We have chosen E. coli BL21(DE3) as the host for expression. This strain is a lysogen of bacteriophage DE3, a lambda derivative that has the immunity region of phage 21 and carries a DNA fragment containing the lacI gene, the lacUV5 promoter (inducible by IPTG), and a chromosomal copy of the gene for T7 RNA polymerase. As an E. coli B strain, BL21 is deficient in the lon protease and lacks the OmpT outer membrane protease that can degrade proteins during purification.

Codon Adaptation

Some of the proteins coded by the sequences designed by us are native to organisms other than E. coli, our chassis. Thus, we have codon optimized the nucleotide sequences (e.g. SpyTag002, SpyCatcher002, OpdA, dCBD, linkers) for E. coli by using the 'Choose Alternative Codons' capability and codon usage tables available in SnapGene while designing the constructs.

Modular Filtration Platform:
Our Contribution to Bioremediation Strategies

As discussed earlier, modularity is our key to building a plug-n-play bioremediation platform. It is an indispensable aspect of synthetic biology as well. We have incorporated the SpyTag/SpyCatcher technology, also termed "molecular superglue", in our design of the fusion proteins (i.e. C1 and C2) in order to ensure modularity. This is a technology for irreversible conjugation of recombinant proteins. The peptide SpyTag spontaneously reacts, both autocatalytically and quantitatively, with the protein SpyCatcher to form an intermolecular isopeptide bond (a covalent bond) between the pair. We have used SpyTag002/SpyCatcher002 instead of the original SpyTag001/SpyCatcher001, as the former is a second-generation, faster-reacting version of this protein superglue at cellular expression levels. We have not used the latest SpyTag003/SpyCatcher003 system because it already exists in the iGEM Registry of Standard Biological Parts. Thus, we intend to submit this codon optimized SpyTag002/SpyCatcher002 system in the iGEM Registry as a contribution from our side to the synthetic biology community.

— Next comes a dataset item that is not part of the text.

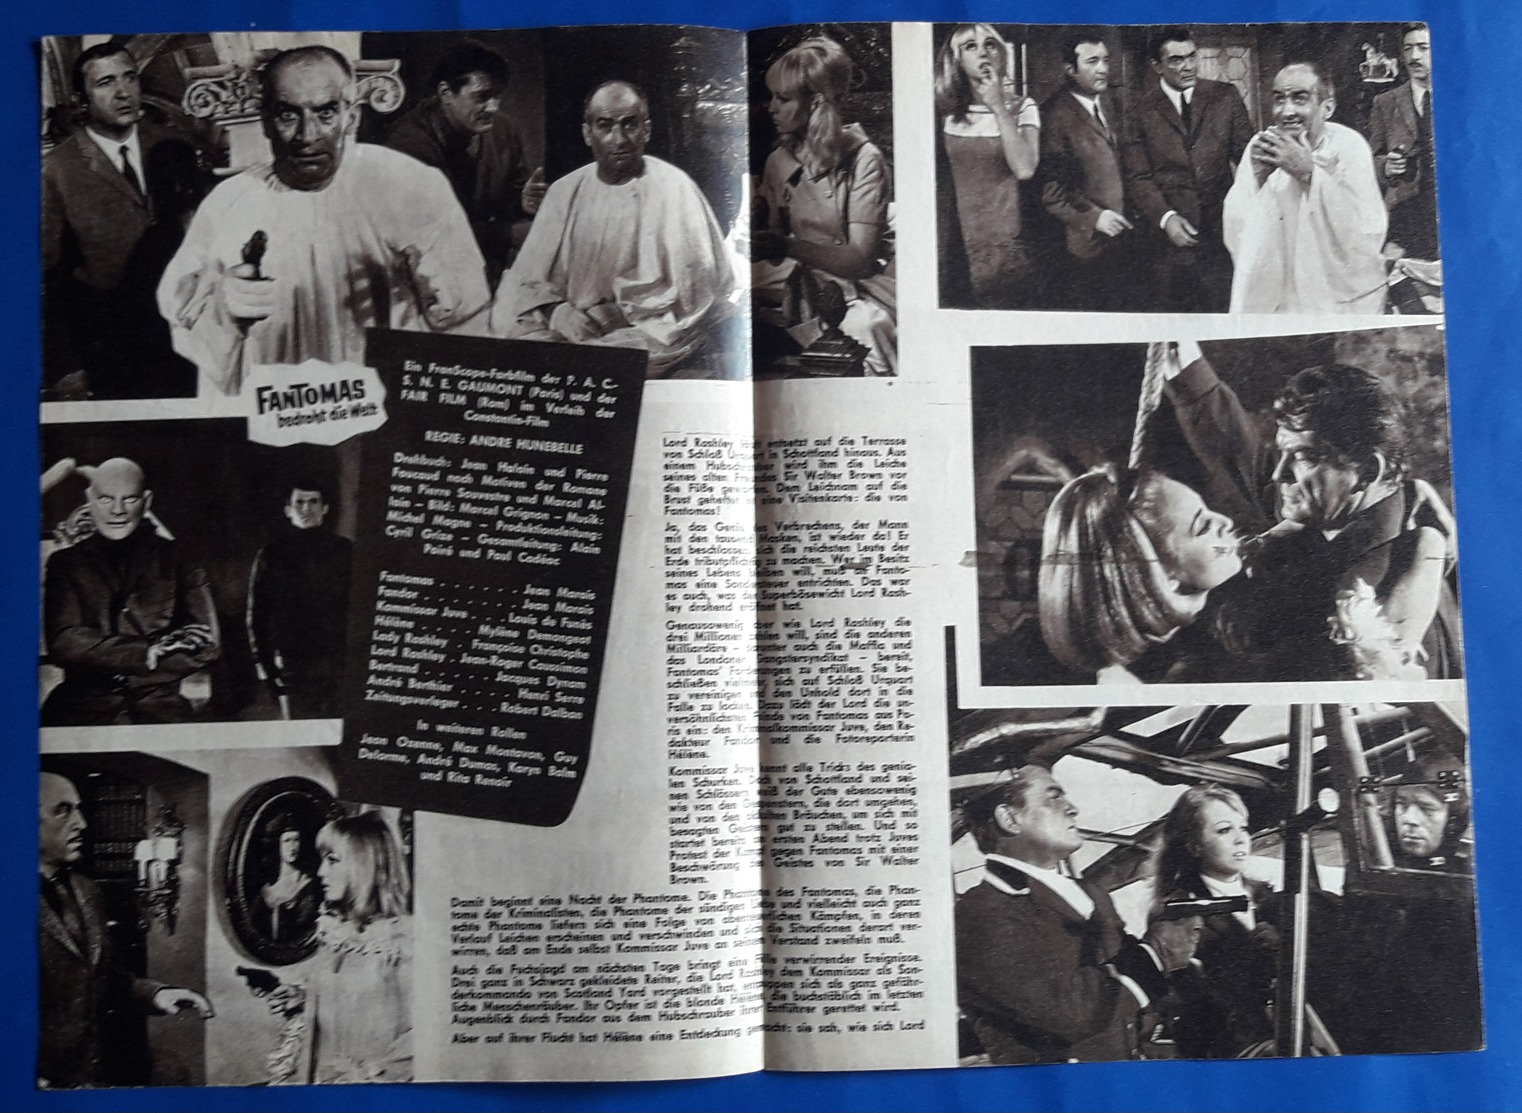 LOUIS DE FUNES / JEAN MARAIS Im Film "FANTOMAS Bedroht Die Welt" # NFP-Filmprogramm Von 1967 # [19-778] - Magazines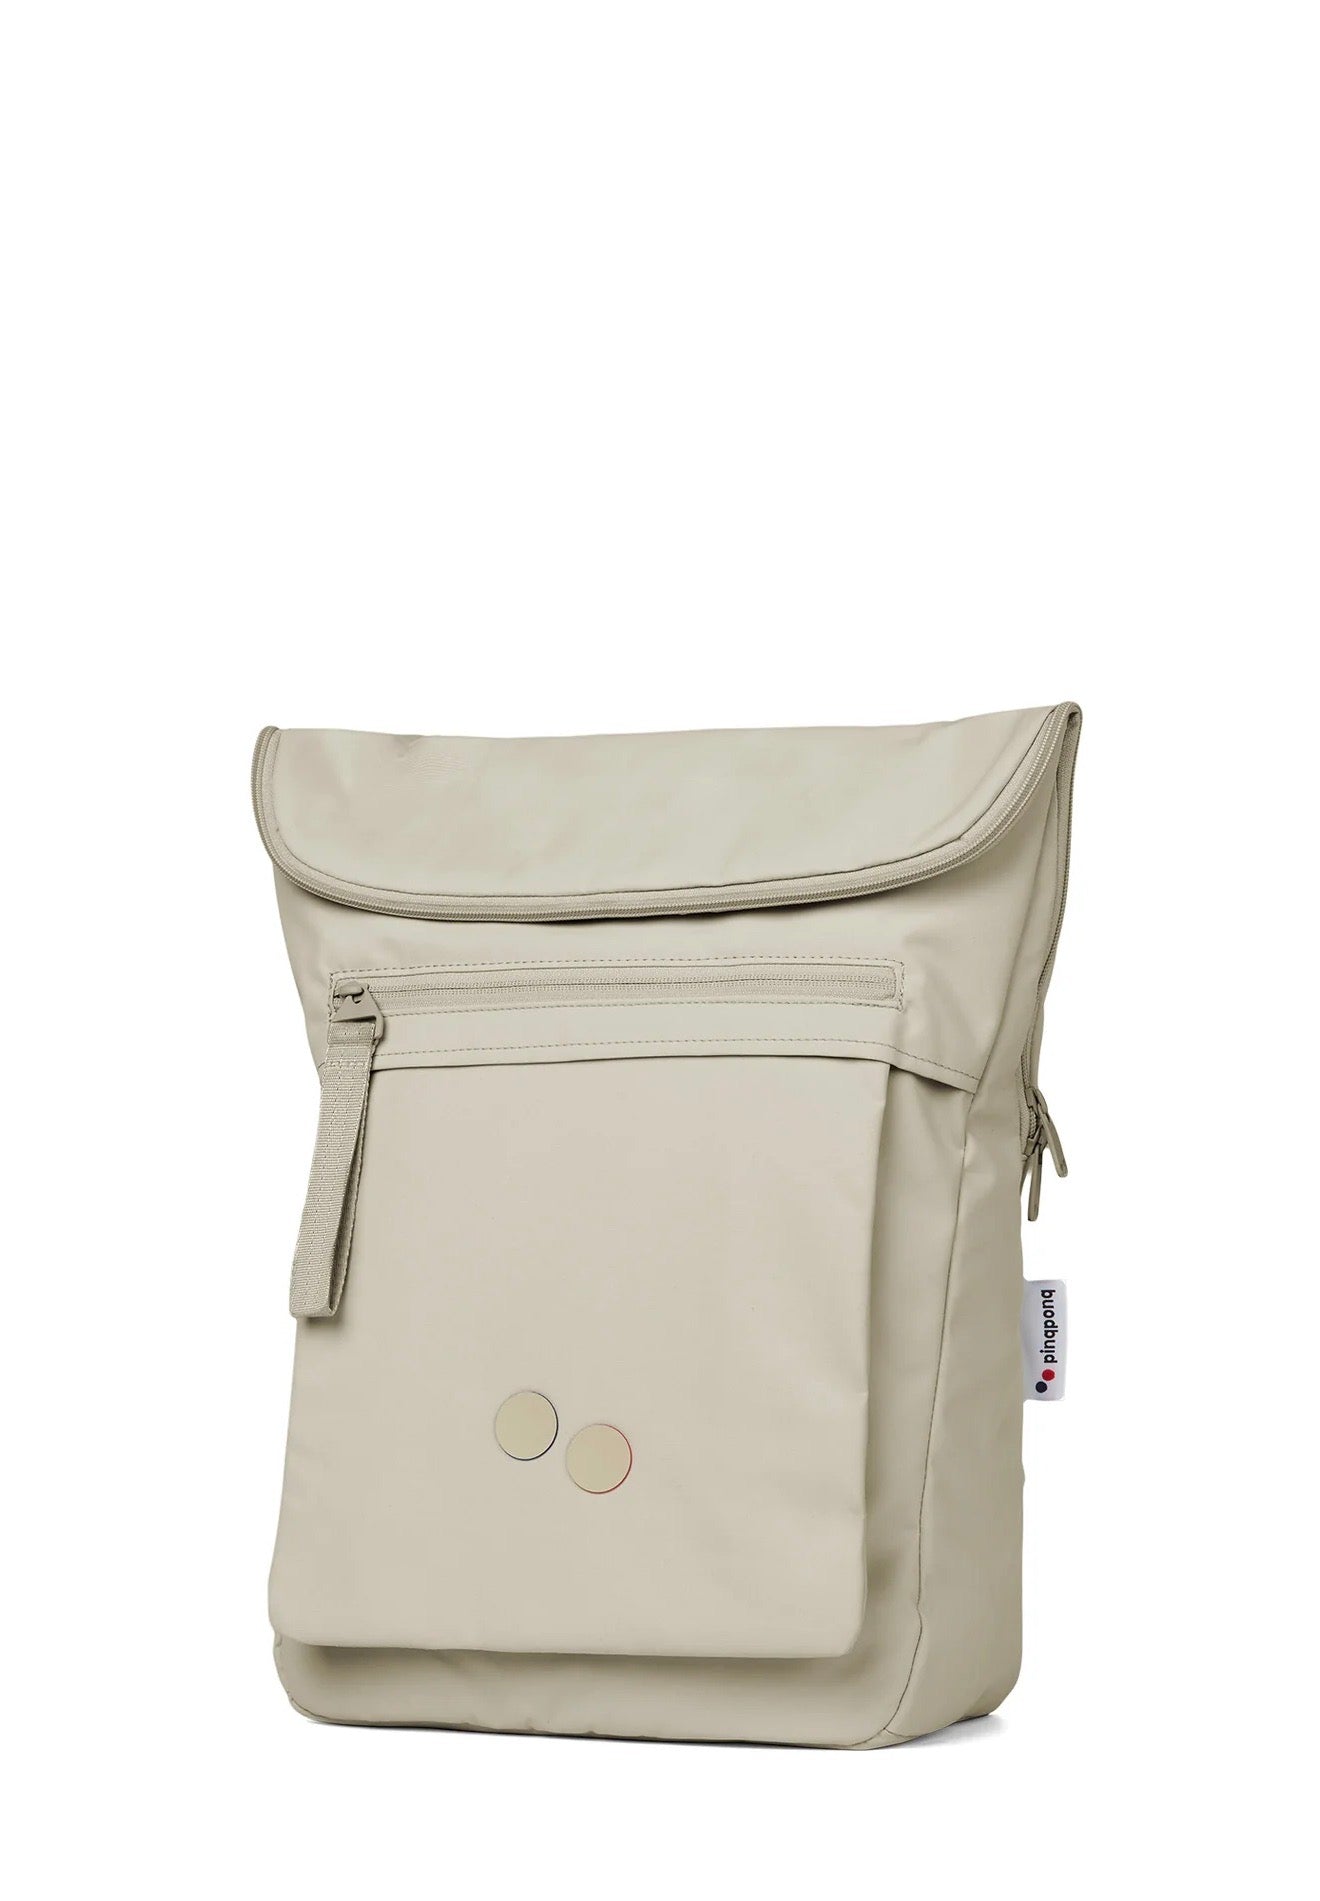 backpack klak reed olive

Proteins to bind or degrade a limitless range of contaminants can be bound to cellulose membranes. In that sense, our filtration platform is inherently modular, thanks to SpyTag002/SpyCatcher002 system. If some future group of workers intend to construct a filter to address some pollution other than organophosphate pollution, they would have to replace the OpdA part of C2 with their enzyme of interest. This modified construct would still be compatible with C1 designed by us. That modified C2 and original C1 would together constitute a system to neutralize that other pollution. We specifically encourage the future iGEM teams interested in bioremediation to adopt this strategy and to add to this novel plug-n-play toolbox through their invaluable efforts as well as boundless creativity.

Gibson Assembly:
Our Working Tool

Gibson assembly allows for successful assembly of multiple DNA fragments in a single-tube reaction, regardless of fr for large DNA constructs. It enables directional cloning, is very rapid and efficient. Most importantly, it is a seamless method and does not yield any scars. Scars are detrimental to the proper functioning of fusion proteins, the very foundation of CellOPHane. Thus, we have used this elegant cloning technique.

Hardware:
Our Ultimate Goal

Down the road, we seek to build a functional, cost-effective, reliable filtration device which can be installed in the regions where waterbodies are plagued with organophosphate pollution. A functional hardware, in the context of our project is a filter coated with functionalized bacterial cellulose (BC) sheet. At first our aim was to simply replicate a commonly found commercial electric filter with candle. But it was soon realised that the residence time of water in such a candle would be too less. In simple terms, the time spent by the large amount of input water would be too less for the enzymes to act appreciably. Hence, we decided to implement a novel strategy; we decided to coat the inner surface of a microchannel with BC. The advantage of microchannel is very large surface area to volume. Almost all the (tiny amount of) water passing through the channel will be acted upon by the enzymes. Also we can easily increase length of the channel for longer action of enzymes. We will depend on principles of hydrodynamics and microfluidics to come up with microchannels of specific shape(s) that ensure adequate residence time of OP molecules inside the channel, so that the OpdA molecules get sufficient time to act upon those. In practice we decided to coat microcrystalline cellulose (MCC) sheet. It would then serve as the proof of concept for a microchannel whose bore has been coated with the functionalized BC filter we seek to develop. Using microchannel solves the 'residence time' problem but introduced a host of technical challenges. The MCC preparation needed to be compatible such that it can be easily coated. In that effort, we tried varying different of parameters like different solvents, concentration of cellulose, drying time, etc. Another challenge is the coating of the MCC sheet on the channel.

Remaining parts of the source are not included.